Prepare the following exercises for discussion in class on
Thursday, November 17.
Exercises
Given the full joint distribution in Figure 13.3 of the course
book, calculate the following:
P(toothache)
P(Cavity)
P(Toothache|cavity)
P(Cavity|toothache ∨ catch)
Show that the statement
P(A,B|C)=P(A|C)P(B|C)
is equivalent to either of the statements
P(A|B,C)=P(A|C) and P(B|A,C)=P(B|C)
Often we need to carry out reasoning over some pair of variables X, Y
conditioned on the value of other variable E.
[a]Using the definitions of conditional probabilities, prove the
conditionalized version of the product rule:
P(x, y | e) = P(x | y, e)
P(y | e)
Prove the conditionalized version of Bayes’ rule:
P(y | x, e) = P(x |
y, e) P(y | e) / P(x | e)
Following the example on medical diagnosis of Section 13.5.1 of
the text book, give the probability P(M|s) by completing the
normalization calculation. Assume 0.05 as a reasonable value for
P(s|¬ m) and ignore the value for P(s).
Three prisoners A, B, C are in their cells. They are told
that one of them will be executed the next day and the others will be
pardoned. Only the gorvenor knows who will be executed. Prisoner A
asks the guard a favor. “Please ask the governor who will be
executed, and then tell either prisoner B or C that they will be
pardoned.” The guard does as was asked and then comes back and tells
prisoner A that he has told prisoner B that he (B) will be
pardoned.

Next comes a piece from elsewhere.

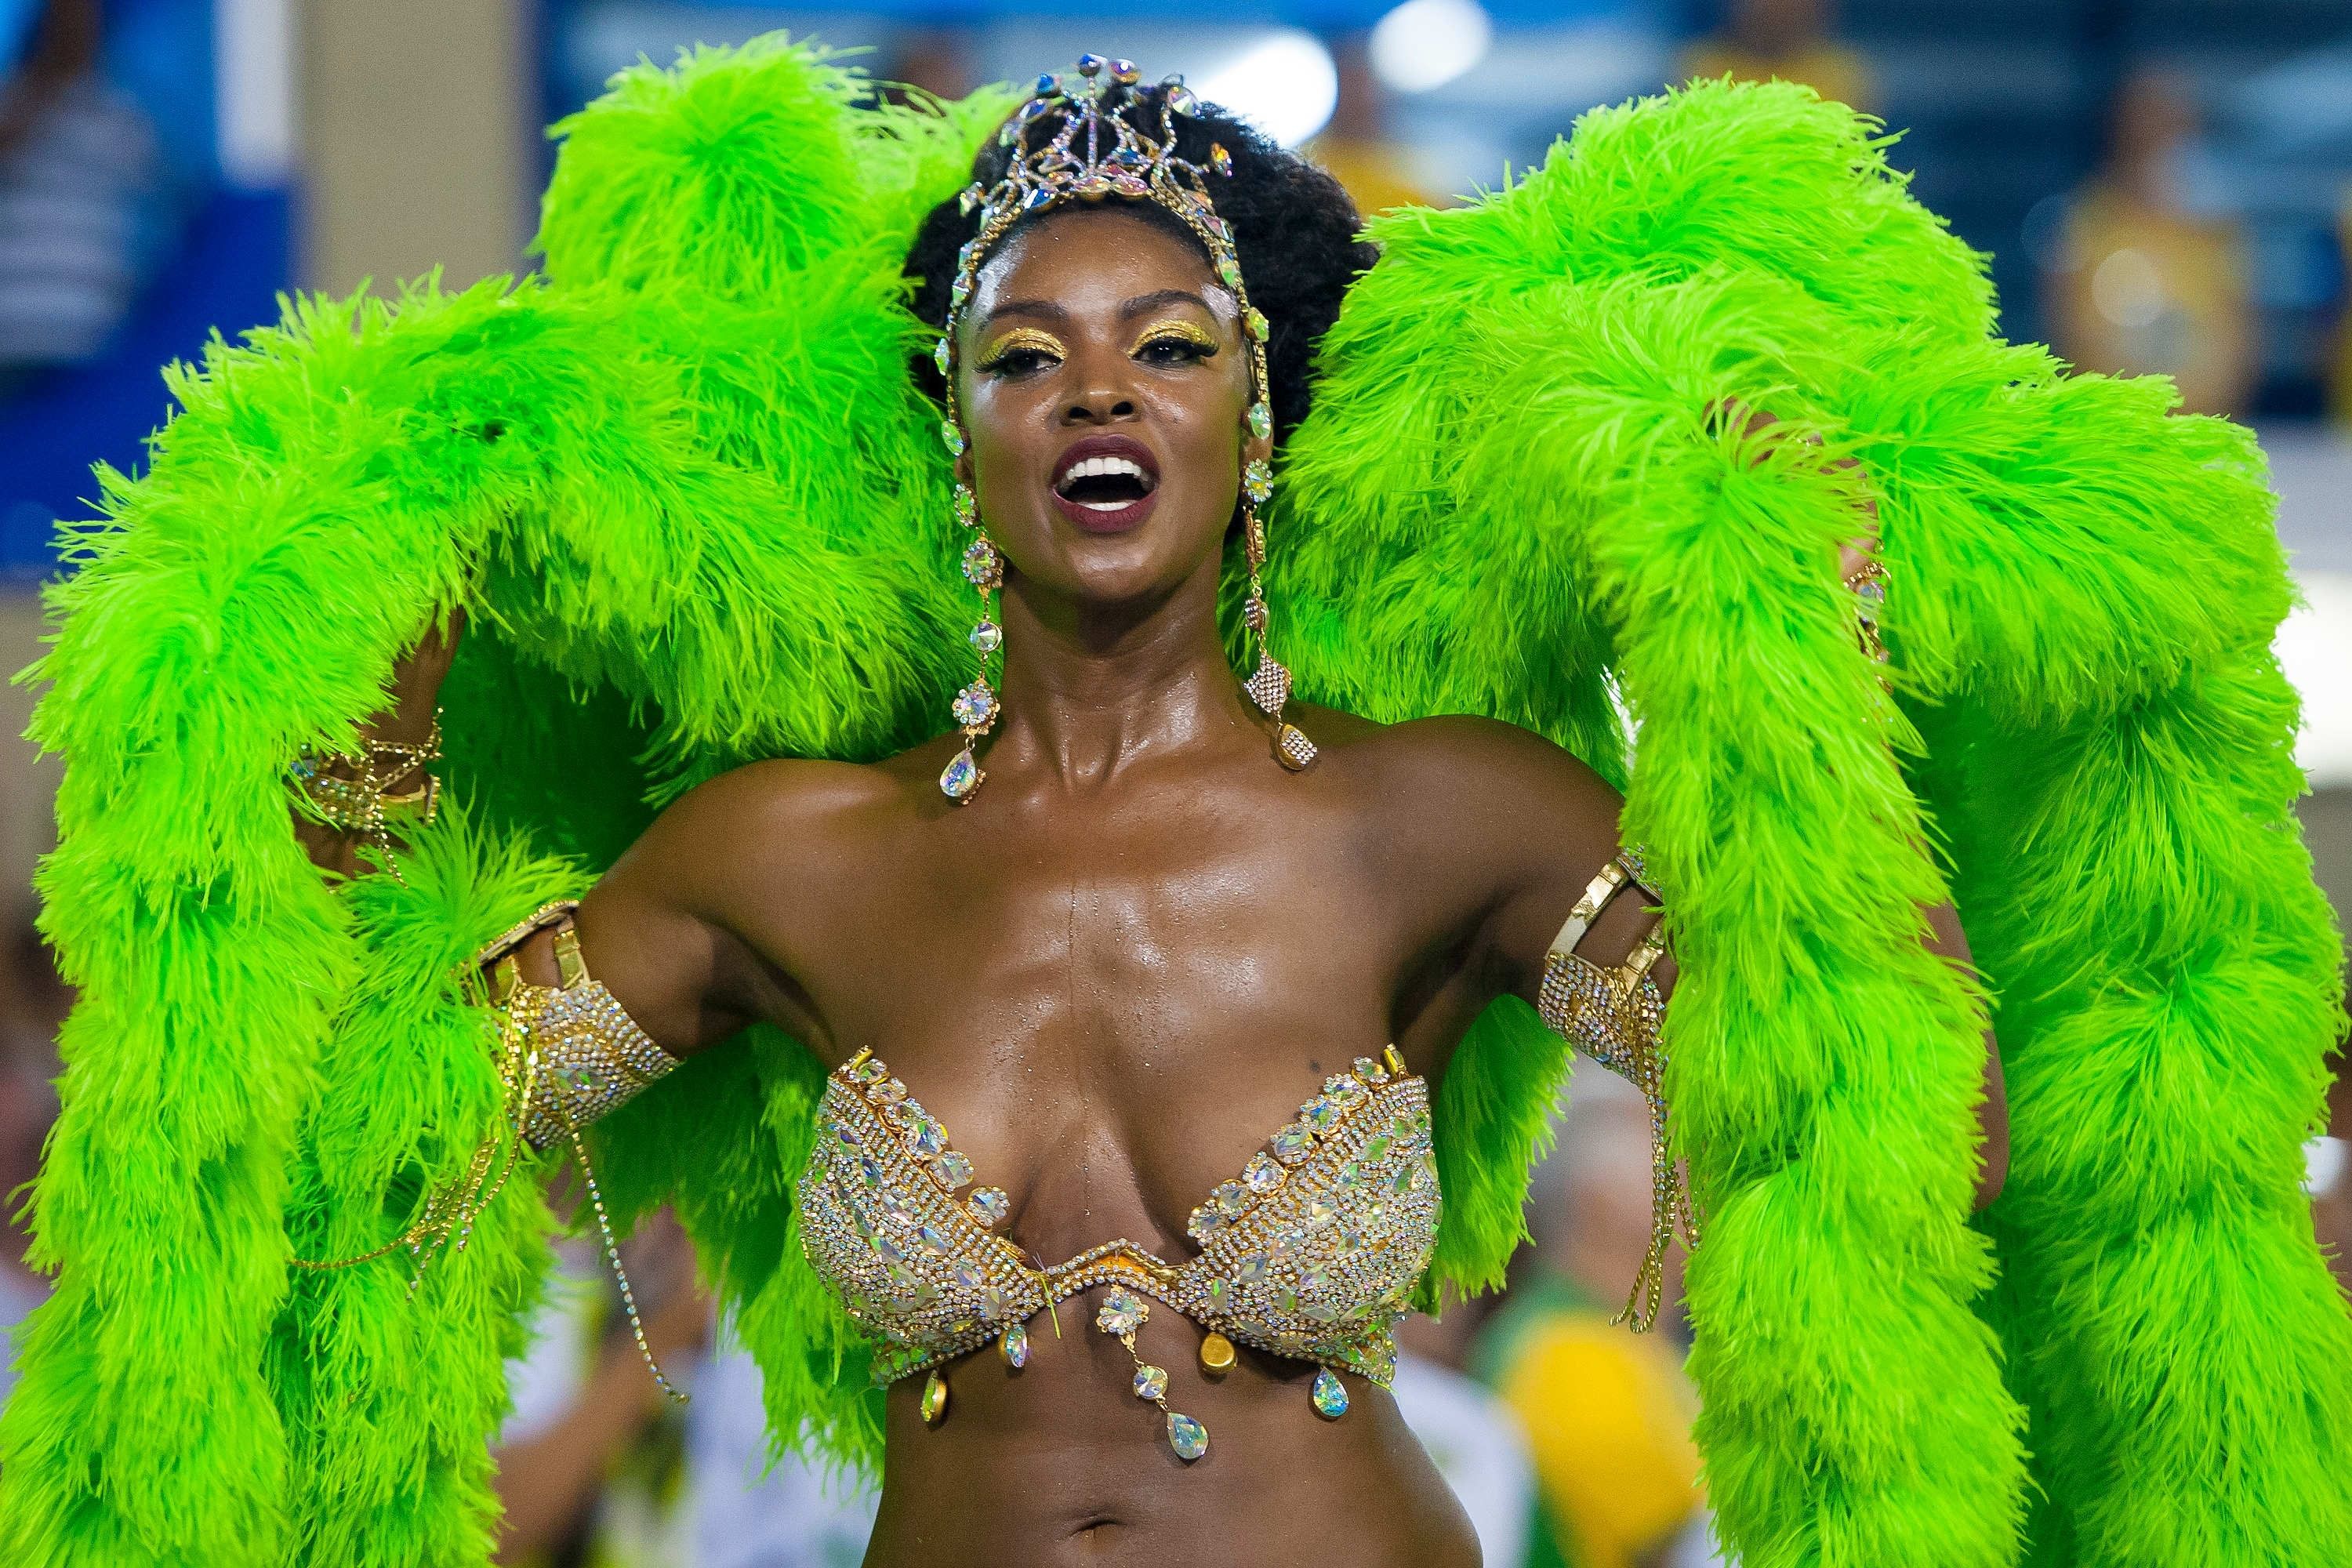 Black Shemale Brazilian Carnival - Black girls at rio carnival - Quality porn

What are prisoner A’s chances of being executed, given
this message? Is there more information than before his request to the
guard? At least two approaches are possible to answer this questions:
classical probability and via Bayes’ rule. Develop them both. [This
problem adapted from Pearl 1988, is also a variant of another rather
famous puzzle:
you are given the choice of three doors. Behind one door is a car;
behind the others, goats. They are placed randomly. After you have
chosen a door, the door remains closed. Another person, who knows what
is behind the doors, now has to open one of the two remaining doors,
and the door he opens must have a goat behind it. If both remaining
doors have goats behind them, he chooses one randomly. You are now
posed with the question, whether you want to stay with your first
choice or to switch to the last remaining door. ]

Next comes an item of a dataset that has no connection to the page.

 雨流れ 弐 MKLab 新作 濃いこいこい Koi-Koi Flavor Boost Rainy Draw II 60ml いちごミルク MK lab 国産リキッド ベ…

Suppose that you go out to purchase an automobile. The probability
that you will go to dealer 1, d1 is 0.2. The probability of going
to dealer 2, d2 is 0.4. There are only three dealers you are
considering and the probability that you go to the third, d3 is
0.4. At d1 the probability of purchasing a particular automobile,
a1, is 0.2.; at dealer d2 the probability of purchasing a
automobile a1 is 0.4. Finally, at dealer d3, the probability of
purchasing a1 is 0.3. Suppose you purchase automobile a1. What
is the probability that you purchased it at dealer d2?